I’m speaking at a Google conference on mobile marketing this week and came across their recent study on the shift to mobile and what it means for brands. This takeaway jumped out at me:
“People are more loyal to their need in the moment than to any particular brand.”
The insight may sound obvious, but marketers don’t naturally operate that way. Marketers often follow the Lovemarks model of brands that Kevin Roberts defined as “loyalty beyond reason.” The emphasis sometimes gets placed on heart-string pulling ads and misses the importance of genuine utility.
Many brands fail at being there in useful ways when consumers are navigating the moments in their lives with their mobile devices. A well-loved brand that isn’t optimized for mobile may not be well-loved for long.
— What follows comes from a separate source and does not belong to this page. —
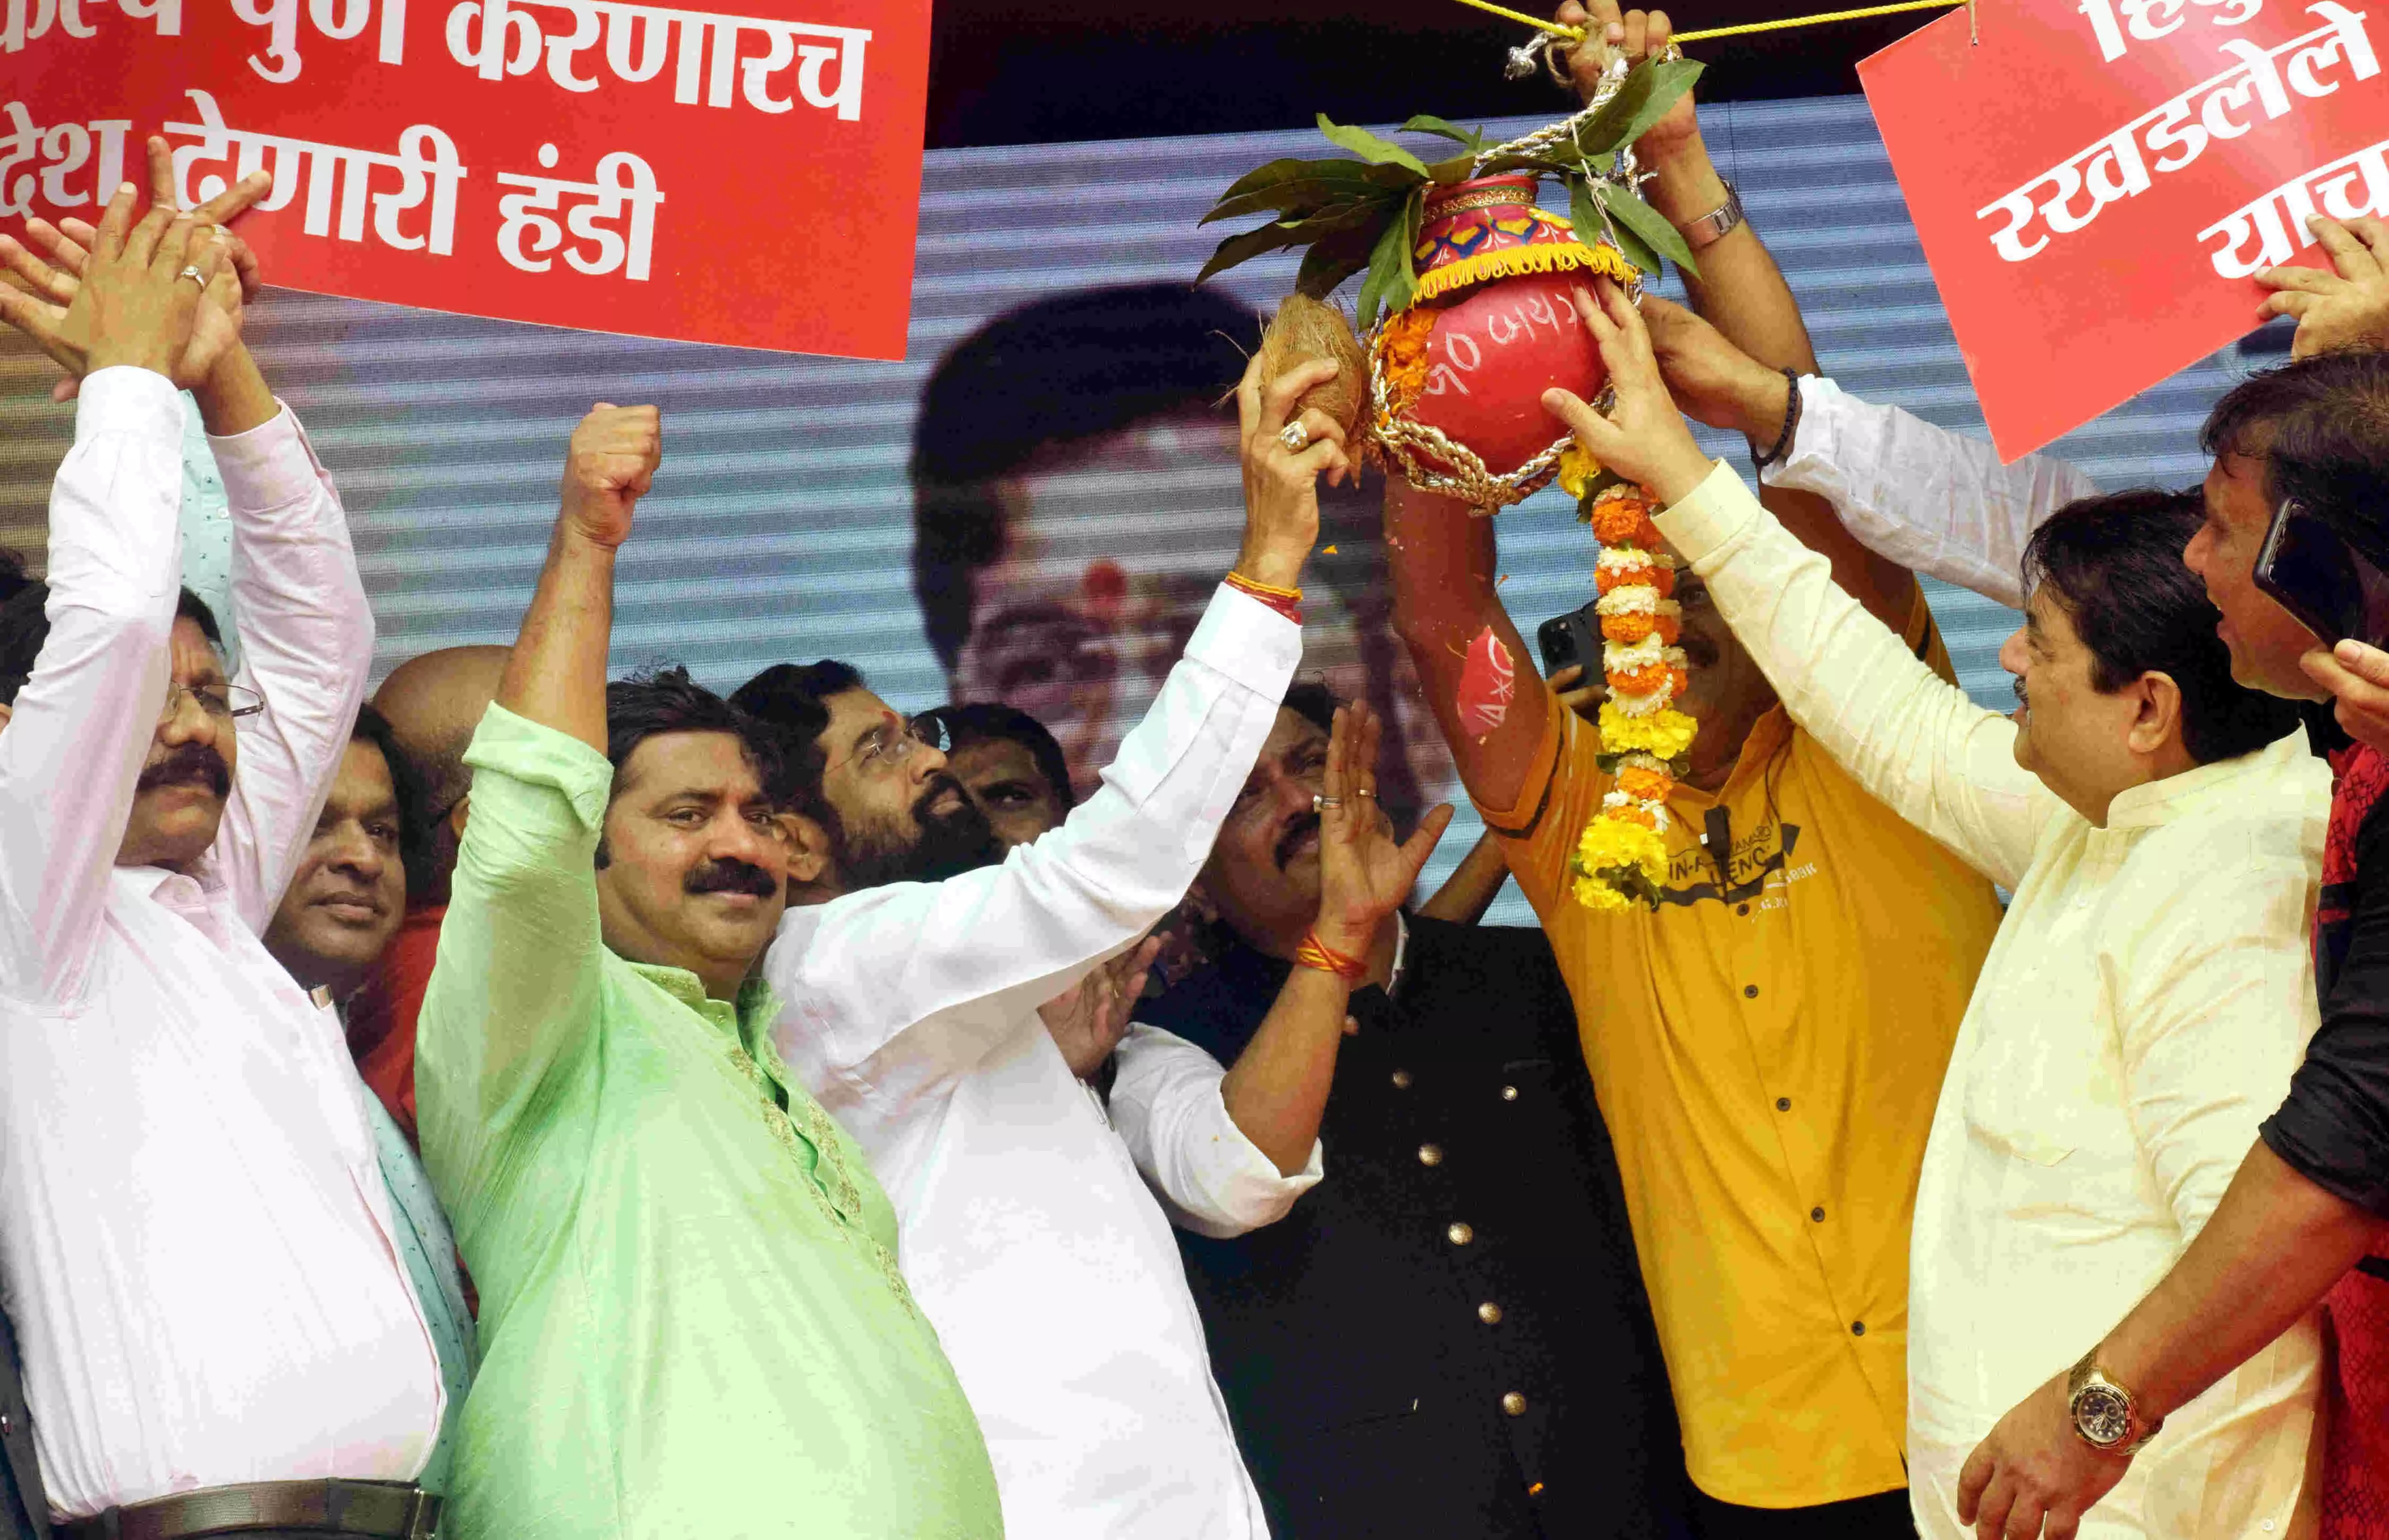 दही हंडी उत्सव में शिंदे गुट ने दिखाई राजनीतिक ताकत, उद्धव गुट पर साधा निशाना

Google frames these opportunities as “micro-moments” and urged brands to find the micro-moments that matter for their consumers. The study summarizes their advice as be there, be useful, and be quick.
The Red Roof Inns hotel brand discovered that flight cancelations were stranding 90,000 passengers every day. Their marketing team decided to go after these micro-moments. They developed a way to track flight delays in real time and used that data to geo-target ads with messaging explicitly for people stranded at the airport. This prompted a 60% spike in bookings.
Optimizing for mobile is becoming table stakes for meaningful brands. I’d love to hear your thoughts on this shift.